New Zealand Skydiving Plane Crashes, 13 Jump To Safety


All 13 passengers aboard a skydiving plane in New Zealand leapt from the aircraft after it experienced an apparent engine failure on Wednesday, before crashing into a lake.

According to Yahoo! News, police spokeswoman Kim Perks noted that there were six passengers and six crew members aboard the plane, as well as the pilot. No injuries were reported, despite the fact that only the skydiving instructors had strapped into their parachutes when the plane experienced trouble at 2,000 feet, shortly after takeoff.

“The plane just made a big bang and then it stopped,” Roy Clements, the chief executive of plane operator Skydive Taupo said. “The pilot told them to get out. He didn’t have to tell them twice.”

Each of the passengers, all overseas tourists, had been assigned an instructor for a tandem skydive, and had planned to jump at heights of 12,000 and 15,000 feet. When the plane stopped, each instructor had to quickly clip their passenger’s harness in four places before diving.

Clements said that everyone remained calm during the incident, possibly not understanding the extent of the danger they were in at the time. According to CBS News, all of the skydivers managed to maneuver their parachutes over the lake and land on the beach or shoreline. The plane, a New Zealand-built Pacific Aerospace Ltd. P-750 XL, crashed into Lake Taupo.

Robbie Graham, a local artist, was standing in front of the Wildwood Art Gallery, in the town of Waitahanui, when he spied the skydivers exiting the plane en masse. Though he didn’t witness the crash, he watched as the group landed, about a half a mile away from him.

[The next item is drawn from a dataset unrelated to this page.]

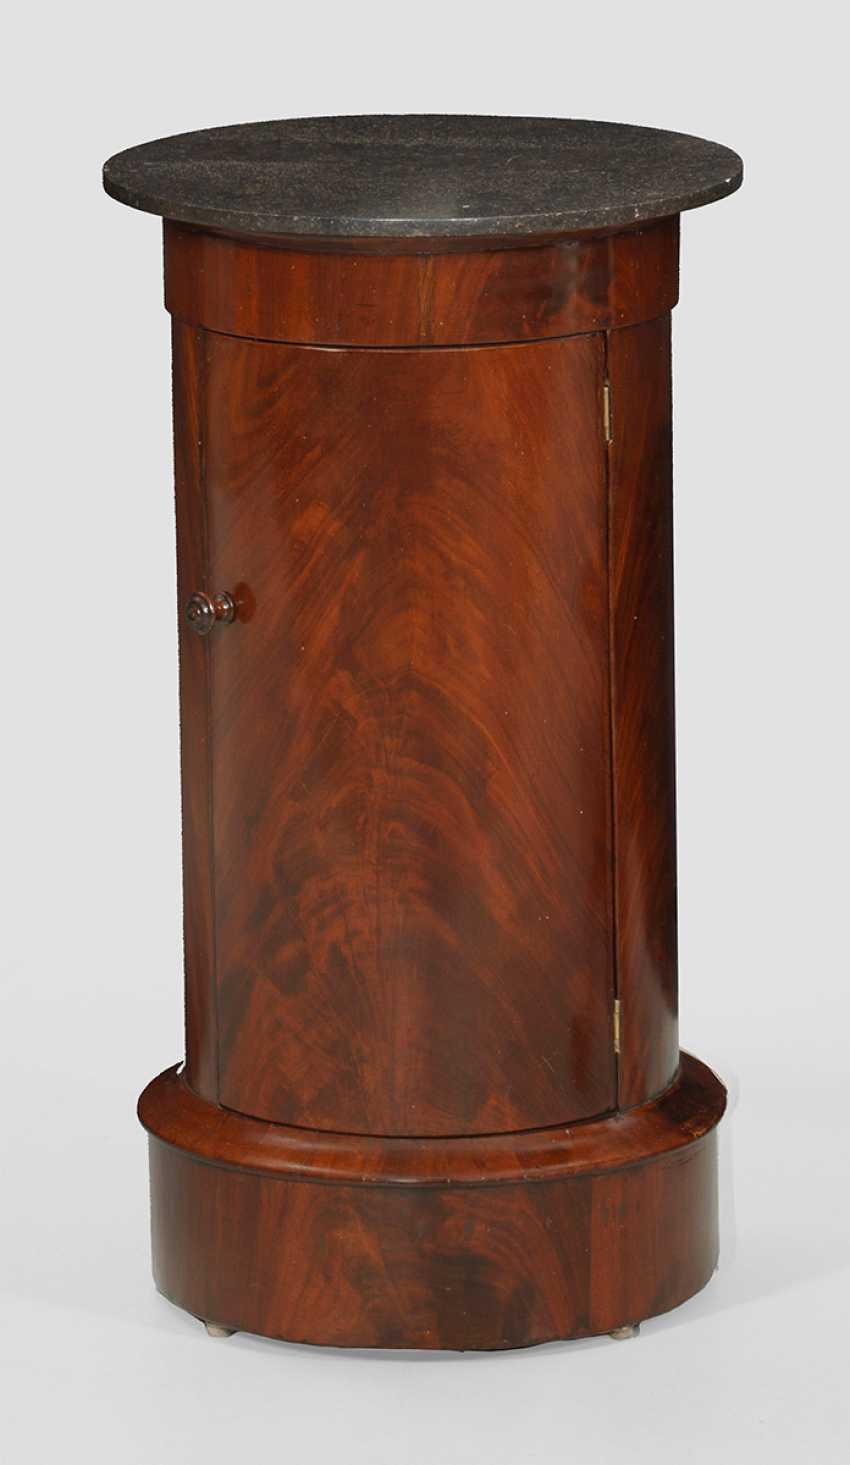 Biedermeier-Style Drum Cabinets - photo 1

“I saw all these people coming down, and I thought that was a crazy place to be coming down, that they would all end up in the lake,” he observed.

In 2013, a group of skydivers in Wisconsin narrowly escaped disaster after a mid-air collision between two planes. Despite their hurried exit and the loss of both aircraft, all 11 skydivers managed to reach the ground safely, as the Inquisitr previously reported.

Transportation accident investigators are on their way to the site in New Zealand, planning to investigate what caused the skydiving plane to crash.